This article first appeared on PR Daily in July, 2015. I’ve spent years talking about the benefits of social media marketing—especially its ability to bring in leads and sales.
Some businesses have embraced social media and online reputation management, but there are many more sitting on the sidelines.
One reason business owners steer clear of social media is they don’t want to open themselves to online attacks. They figure, “If we’re not participating, no one can say anything bad about us.”
That’s not true.
A day will come (if it hasn’t already) when someone will talk about your business online. It’s better to participate in that conversation and communicate your value than to let your competitors do all the talking.
If apprehension is keeping you and your business off social media, you’ve come to the right place. The anxiety caused by doomsday scenarios (both real and imagined) can make even social media veterans think twice about exposing their business to scrutiny.
If the fear of a social media attack weighs heavy on you, know there are strategies and tactics to mitigate attacks and even turn critics into fans.
Here are 10 tips for dealing with social media and online reputation attacks:
1. Implement an internal policy.
Every person on your team must know and understand your policy for managing online criticism. Institute a social media policy at hiring. For current employees, gather them in groups so you can discuss your policy, answer questions, distribute copies and have everyone sign an acknowledgment that they received the policy.
2. Get to the bottom of the initial complaint.
People are often just looking for ways to vent their frustration. Empathy is critical.
3. Consider the source.
I’ve seen many social media complaints and online reviews from people who are not-and never will be-customers. Some people are out to create trouble because it gets them attention. The crowd will often come to your defense.
Sometimes the source is a former employee or competitor. There are legal remedies for dealing with them, and online platforms are getting better at assisting organizations with this.
4. Have a written external policy.
A written policy for responding to any engagement will help you moderate conversations in a professional, yet open manner. Your policy should explain when to delete comments or ban users, and it should outline ways to handle discord.
5. Assume the best.
We’ve all been guilty of jumping on the negativity bandwagon when we face criticism. When you’re defensive, you close the door to a speedy resolution.
Instead, be helpful, pleasant and non-defensive. This will defuse the situation and give you more time to determine the real issue. Never assume malicious intent. Most of the time, you can rectify the problem.
6. Listen, and respond quickly.
Social media is a 24/7 presence, and a lot of organizations have realized they have to shorten their response times.
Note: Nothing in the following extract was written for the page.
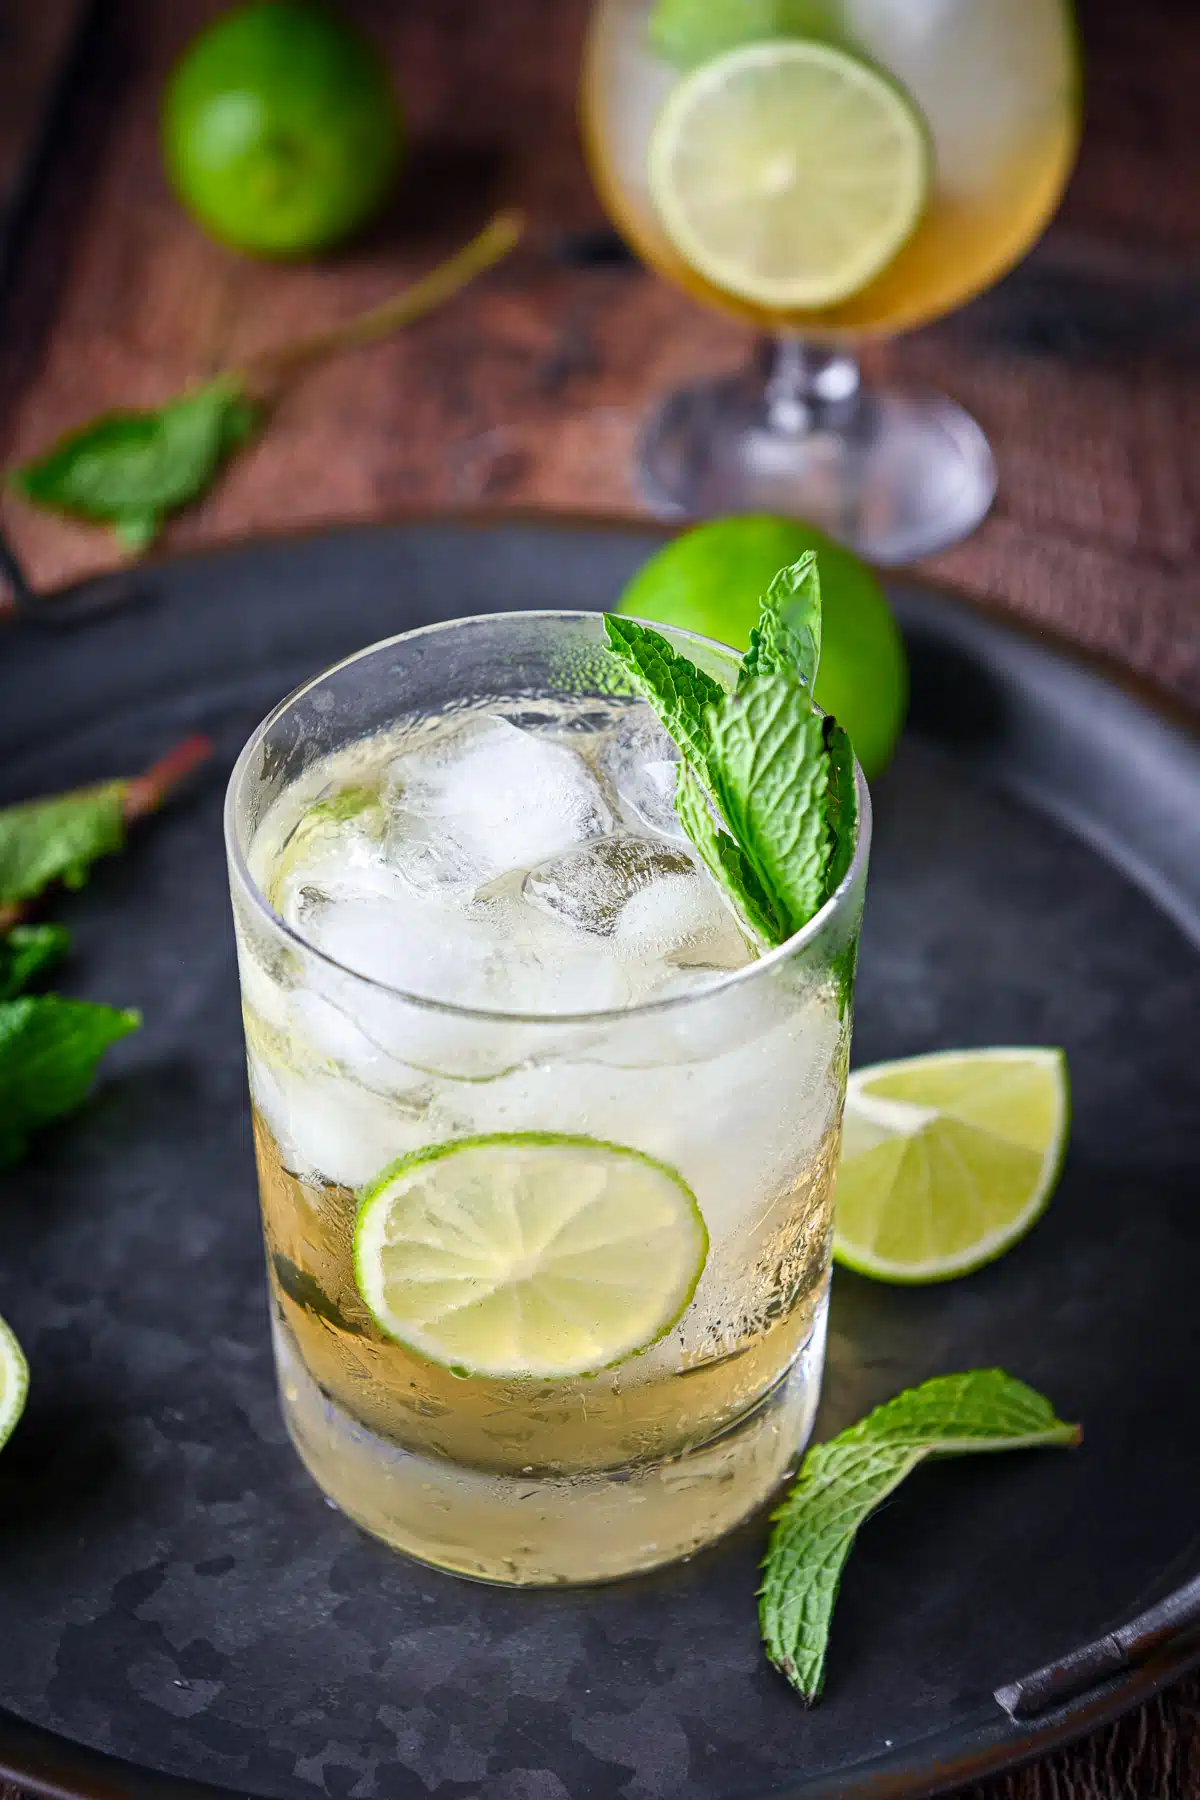 Lime and mint on a tray with a glass filled with the lime cocktail

If a customer is having issues, listening and responding quickly can prevent the situation from becoming bigger than it ought to be.
7. Own your mistakes.
Sometimes your critics tell the truth, which isn’t easy to hear. Humility, even when it’s painful, can scatter animosity.
Owning your mistakes reassures future customers that you take feedback seriously.
8. Be human.
When you’re transparent about your blemishes, an amazing thing happens: Your community comes to your defense.
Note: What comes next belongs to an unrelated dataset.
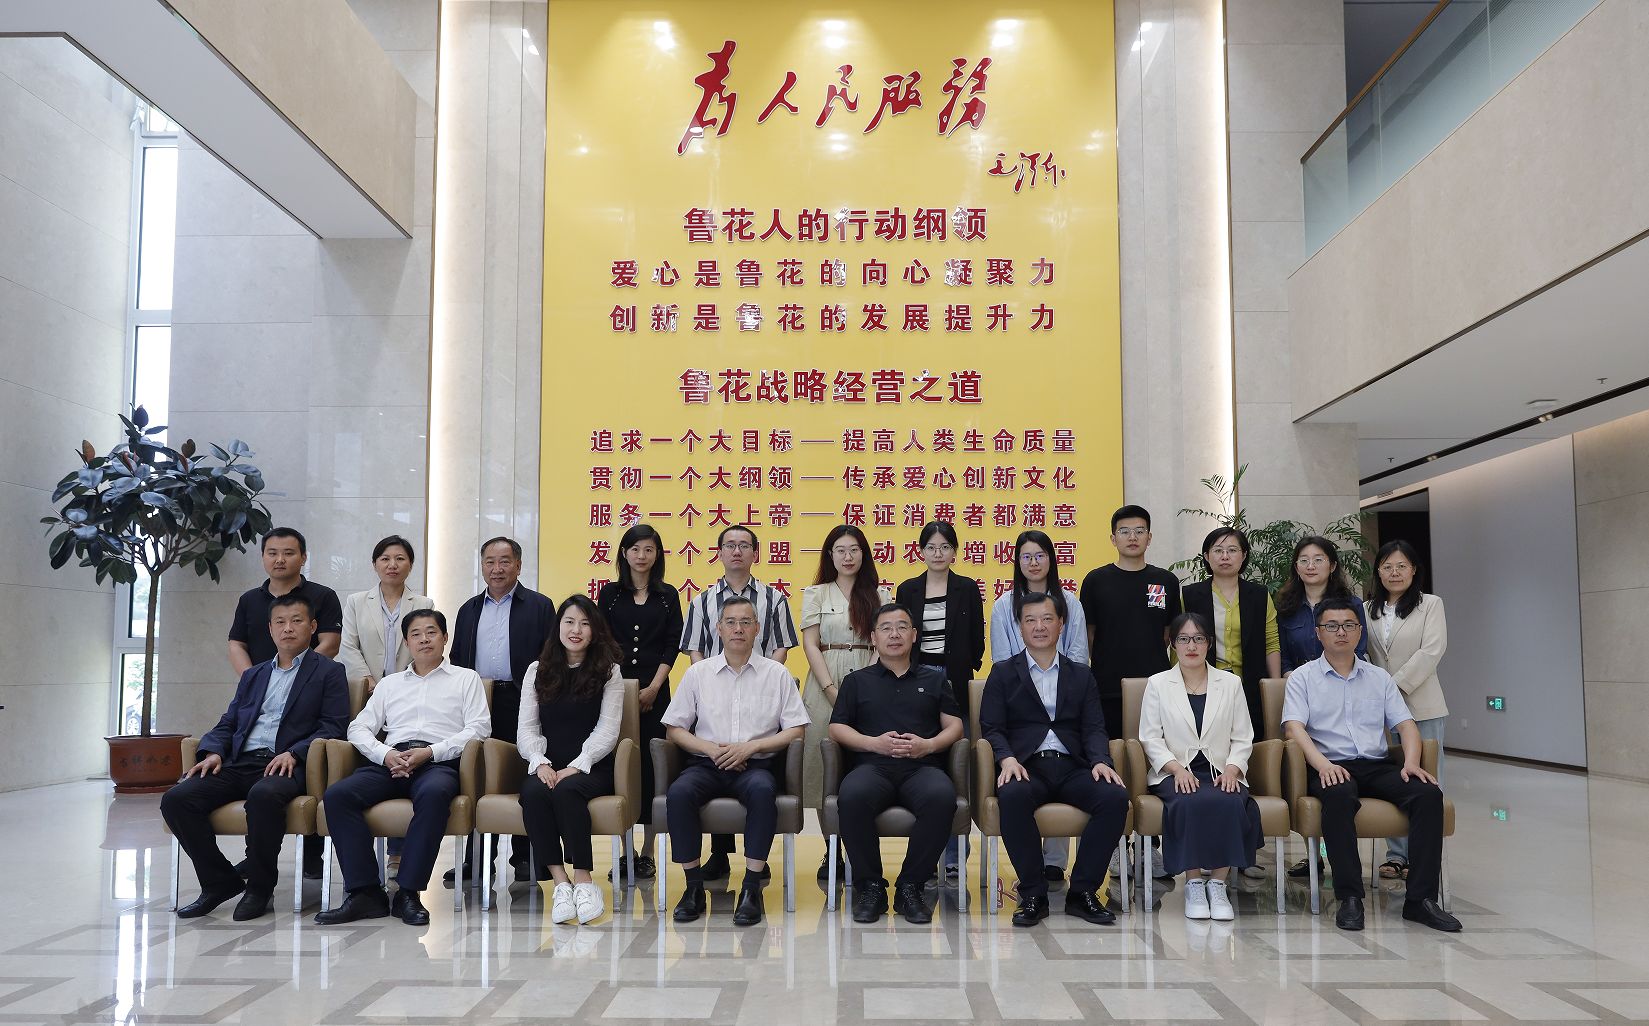  The launch and promotion meeting of Shandong Province's major scientific and technological innovation project "High oleic peanut oil processing and value-added utilization technology research and development" was successfully held in Luhua, Laiyang

9. Refrain from deleting posts.
We tend to have a knee-jerk reaction to delete a post that’s causing trouble, but remember: Once something is on the Internet, it’s there forever. Deleting a post may temporarily remove the damage, but if people notice you’re deleting posts, they’ll take you to task.
10. Do nothing.
Sometimes it’s best to stay quiet. There are a few good cases for ignoring a critic.
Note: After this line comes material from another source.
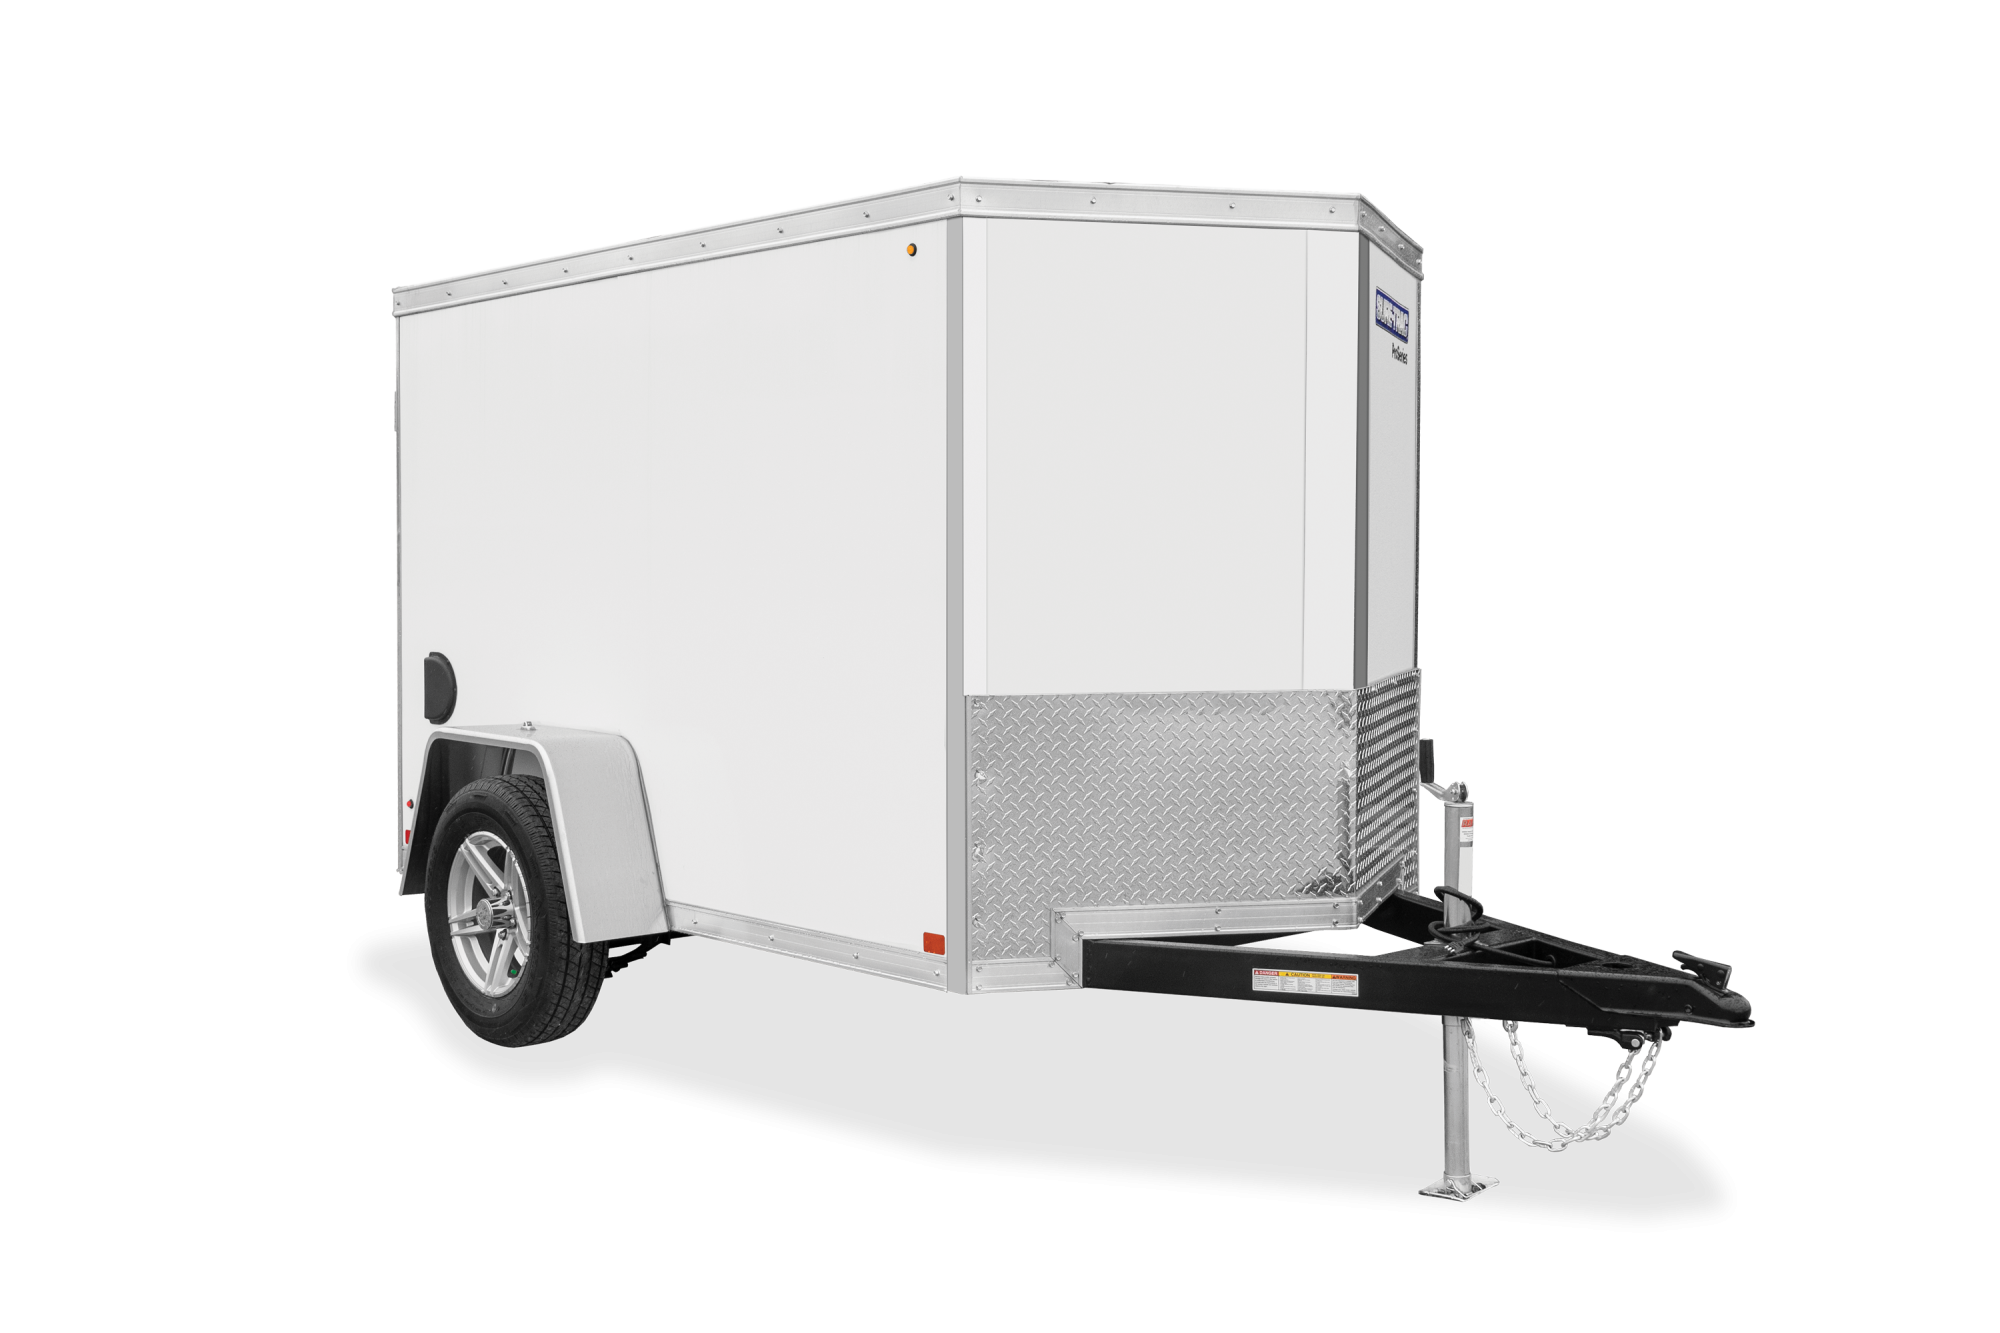 Front view of a white single axle pro series wedge cargo enclosed trailer

Some people (trolls) just want to cause trouble. You may even know who yours are. Responding to trolls only adds fuel to the fire. Don’t waste your energy on them.
No matter how great your organization is, someone will always criticize you. Don’t miss out on social media marketing’s advantages. Arm yourself with strategies and tactics to mitigate critics and defuse attacks. Open your business to new possibilities.